Eva & The Heartmaker is a Norwegian musical duo made up of Eva Weel Skram and her husband Thomas Stenersen, with Eva on main vocals. They have released four studio albums and a number of charting singles in the dance genre.

==Eva Weel Skram==
Eva Weel Skram (born in Sogndal Municipality, Norway on 17 December 1985) studied music, dance and drama Firda Upper Secondary School in Sandane from 2001 to 2004. In 2005, she appeared in season 3 of the Norwegian Idol series.
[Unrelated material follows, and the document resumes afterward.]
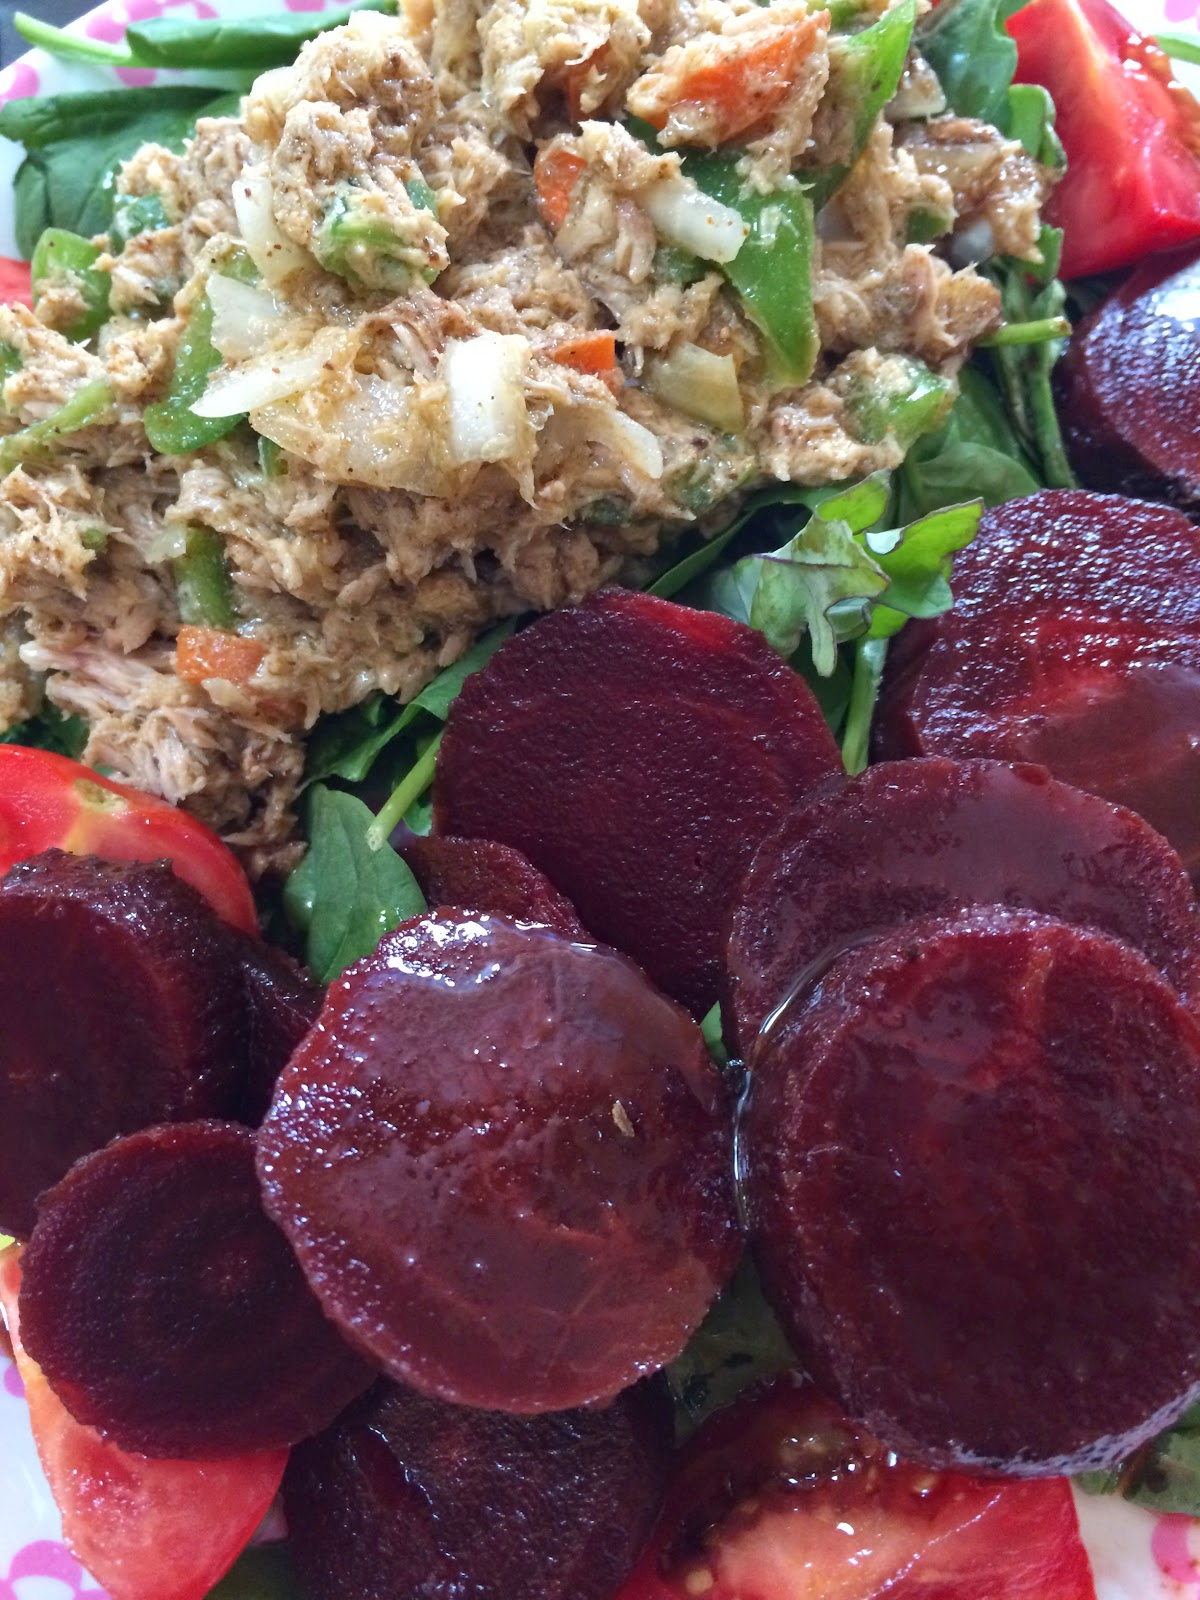 Mayo-less tuna salad, Love Beets and pasta with anchovies

She was eliminated on 22 April 2005 from the competition finishing 6th overall. After Idol she continued her studies for one more year at Romerike Folkehøgskole.

==Duo Eva and the Heartmaker==
Soon after she formed the duo Eva & The Heartmaker and on 28 August 2006, the duo released their debut album Behind Golden Frames followed in 2009 by Let's Keep This Up Forever that received favorable reviews. "Superhero" taken from the album remains their biggest hit reaching No. 4 on the VG-lista official Norwegian Singles Chart. The duo appeared at the 2010 "Sommerspillet" festival event in Arendal. Their third album Dominoes was released in 2011 followed by Traces of You has been released in 2013.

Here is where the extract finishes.